Каждый день мещанин тащится на работу (которую, как правило, ненавидит), мучится там с 9-ти до 6-ти, спешит домой, жрет водку на ужин, после привычно, споро трахает постылую жену ради поддержания статуса да крепкого здорового сна и считает свою жизнь нормальной. Правильной, единственно возможной. И любого, живущего иначе, думающего, чувствующего иначе, озабоченного совсем другим кругом задач и проблем, считает дурачком, над которым можно беззлобно потешаться, но не за что уважать.

Творческий человек всю ночь не спит: думает. Об обреченности мира вне справедливости и недавней мелкой обиде, о непризнанности гения и как завлечь особь другого пола. Забывается под утро, бормочет и стонет. Сползает с кровати за полдень: разбитый, невразумительно несчастный. Отпивается крепчайшим кофе, пытается работать – не пишется, в голове разброд, в холодильнике пусто. Включает режим выживания: раздобыть еды, отбиться от хищников (они обычно загоняют стаей, окружают и принимаются лаять: «возьмись за ум, найди себе нормальную работу, твоим хобби не прокормишься!»); кровь из носа спрятаться, уединиться и записать внезапное открытие, пришедшее в голову так некстати: когда нет ни сил, ни времени его глубинно осознать, проработать. Но будет заготовка на будущее: светлое завтра, когда голова свежа и члены гибки, а энергии хватит на десятерых (такое невесомое «завтра» никогда не настанет, но будет другое: терпимое, приемлемое, рабочее).

Обыватель – существо социальное, он тянется к людям, встраивается во все возможные иерархии. От замкнутых людей шарахается, одиночество его пугает до чертиков, он согласен жить с кем угодно, только не остаться в пустой квартире наедине с собой.

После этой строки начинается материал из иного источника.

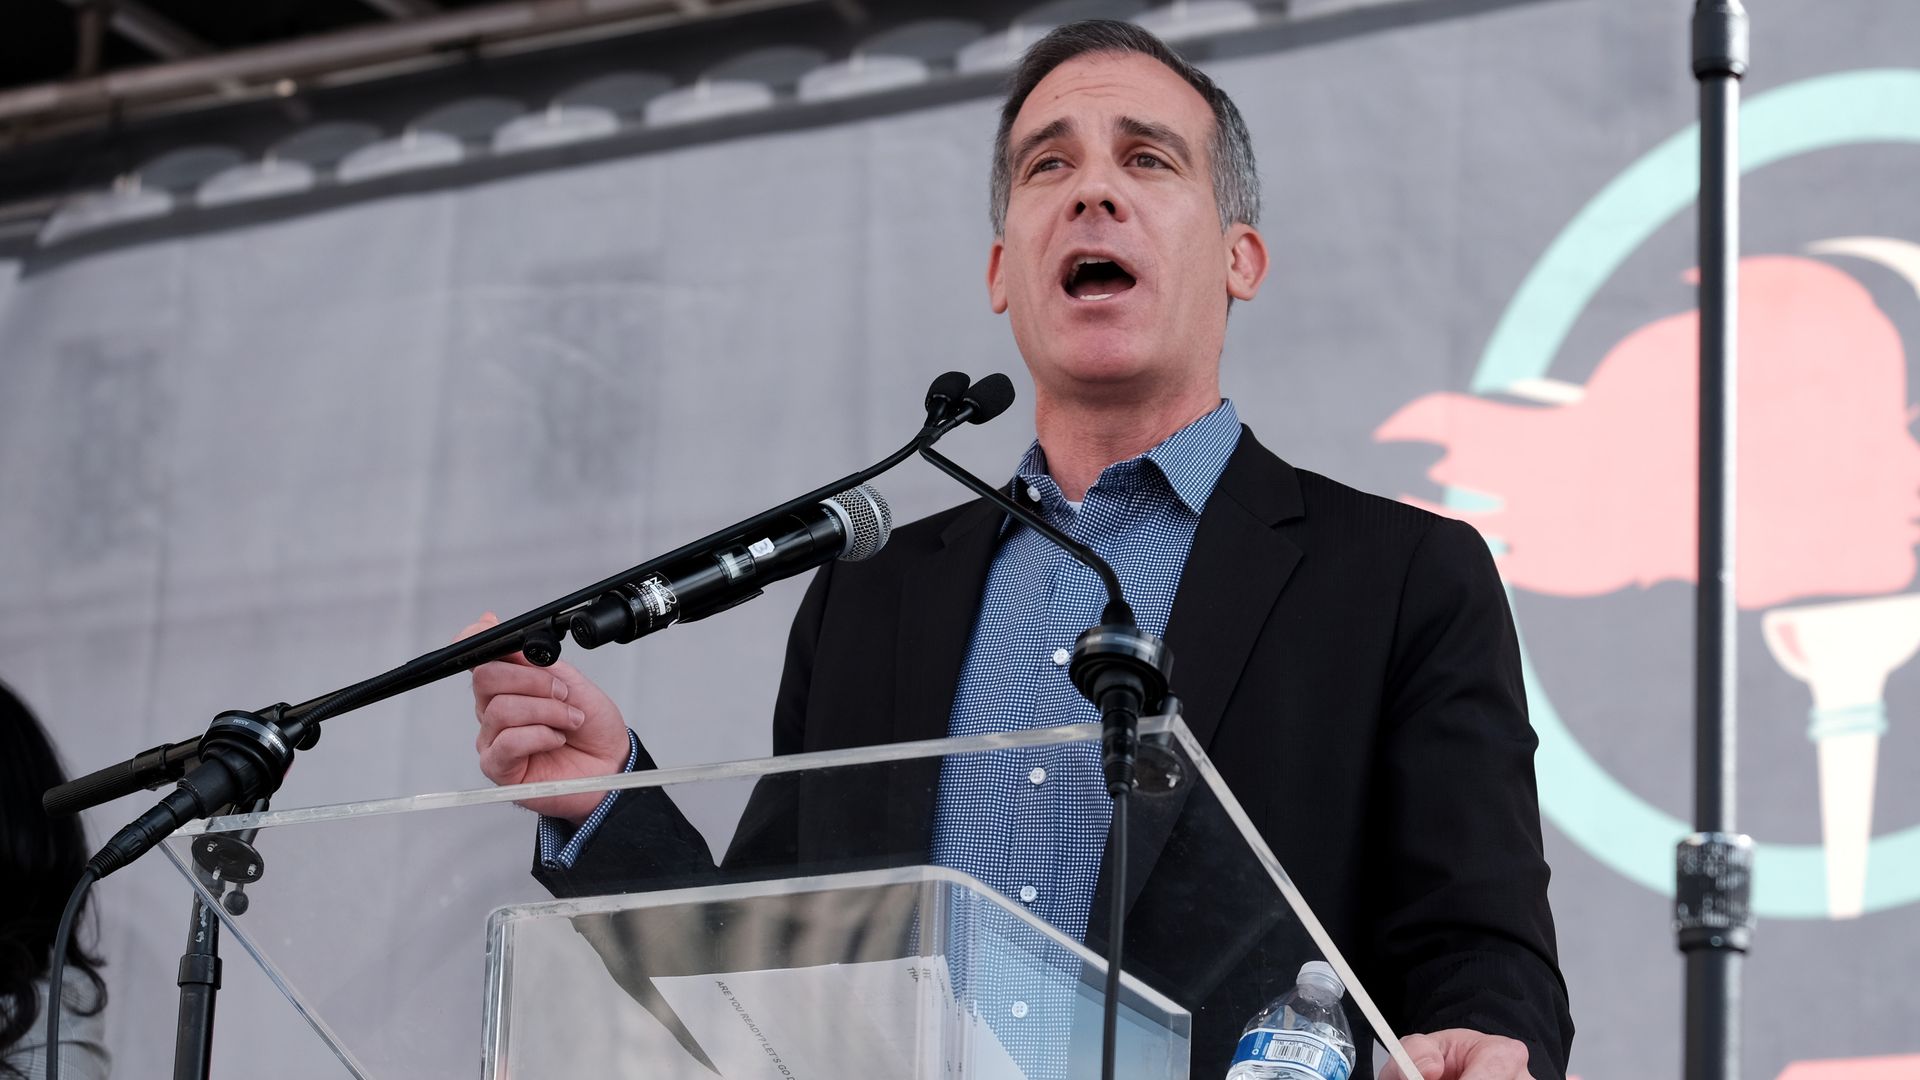  Los Angeles Mayor Eric Garcetti speaks at the 4th Annual Women's March LA: Women Rising at Pershing Square on January 18, 2020 in Los Angeles

Творческий человек прекрасно различает уединение и одиночество. Чурается людей, особенно сбивающихся в толпы, что плавят разномаст в единого огромного ревущего Левиафана. Знает: настоящее понимание приходит только в уединении. Любой человек своим присутствием отвлекает непрерывно, причем до такой степени, что адекватно осознавать происходящее просто невозможно: внимание рассеивается, ум формирует виртуальные социальные связи, мониторя окружающую обстановку и напряженно интерпретируя каждое засеченное слово или действие. И только когда входящая информация иссякает до минимума, мозг в состоянии перенаправить все ресурсы на усердное целенаправленное мышление и творчество.

Мещанин всегда видит плоскую картину реальности из одного ракурса, да ещё искаженную его субъективным несовершенным восприятием.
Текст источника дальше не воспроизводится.